== Exercise aim ==
Every line below between the one holding "Landlord Energy Saving Tips for Tenants" and the one holding "HP (Hewlett-Packard) 54510B, 54505B, 54512B, 54506B", inclusive, should be copied exactly, and no other line.
*** Stored data ***
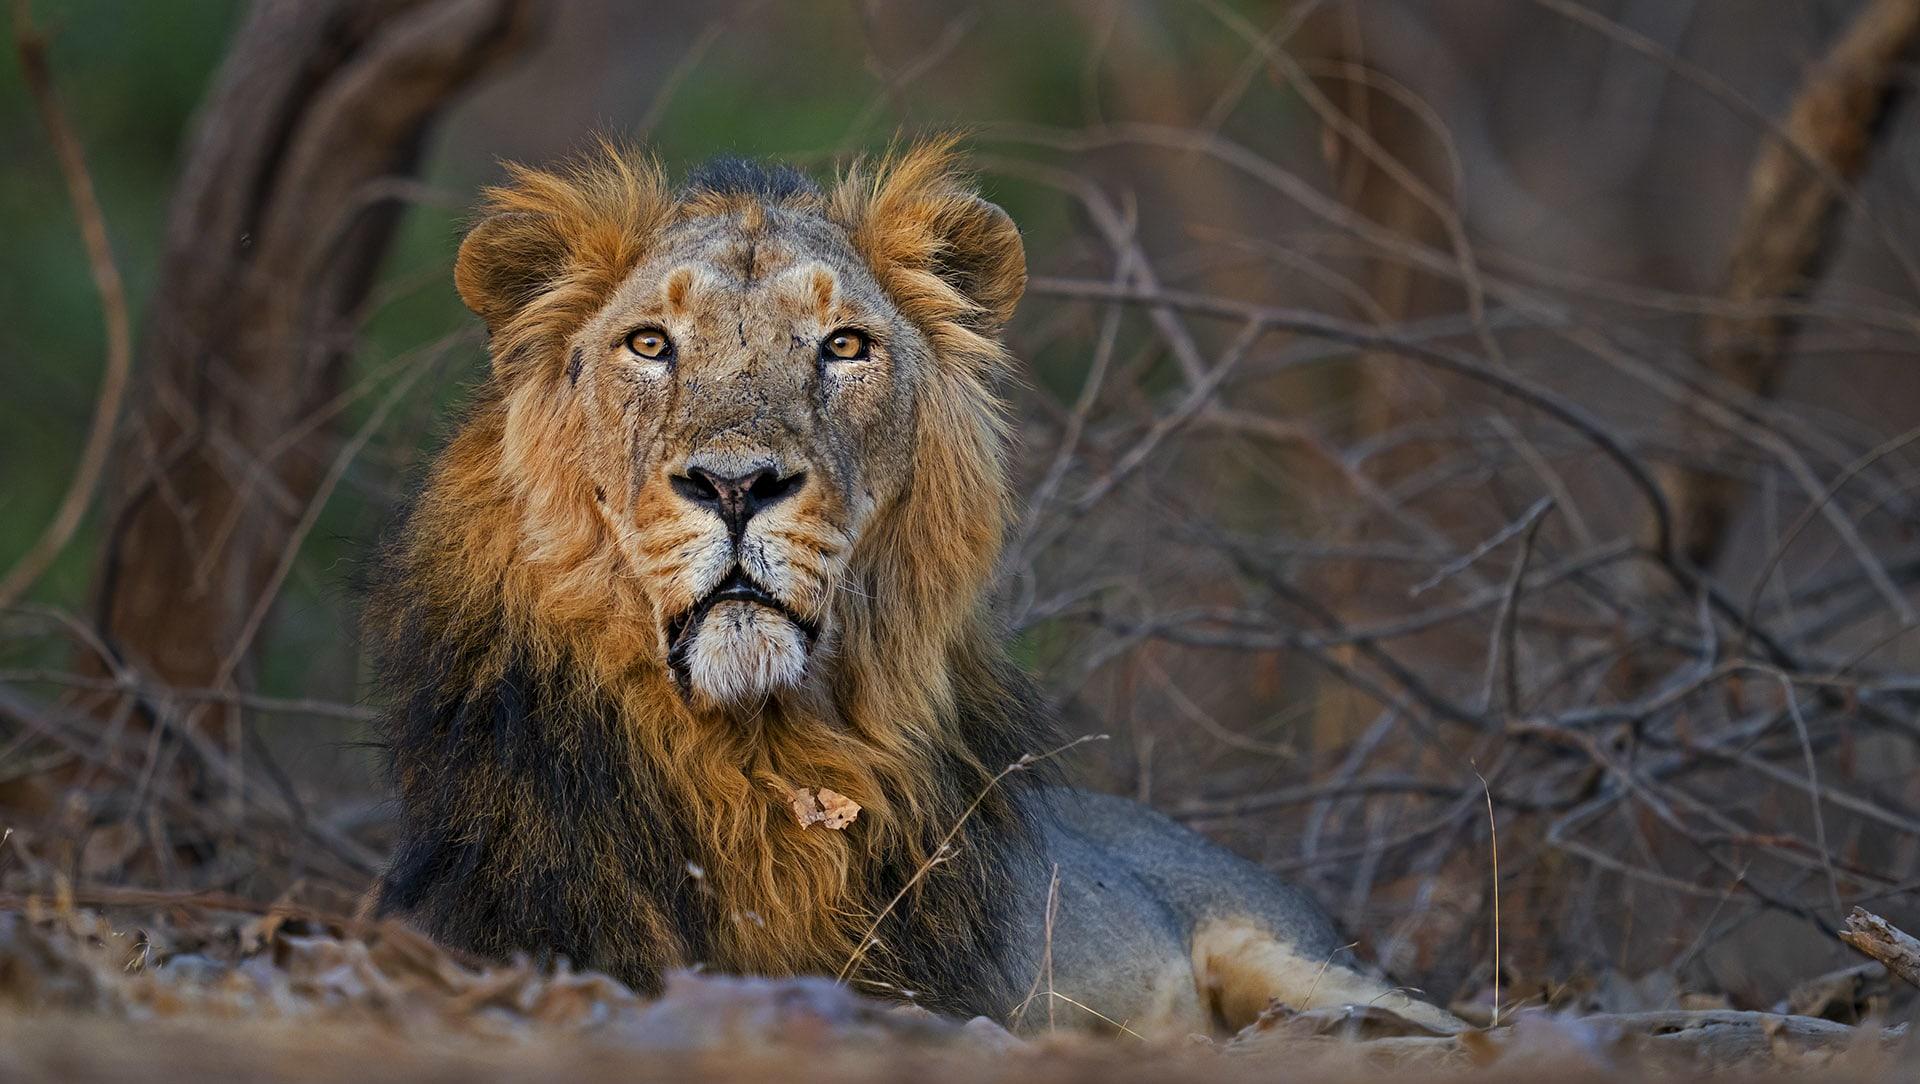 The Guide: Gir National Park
***
*** Stored data ***
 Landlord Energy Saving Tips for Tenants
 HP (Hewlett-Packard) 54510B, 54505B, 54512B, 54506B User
***
== Answer section ==
 Landlord Energy Saving Tips for Tenants
 HP (Hewlett-Packard) 54510B, 54505B, 54512B, 54506B User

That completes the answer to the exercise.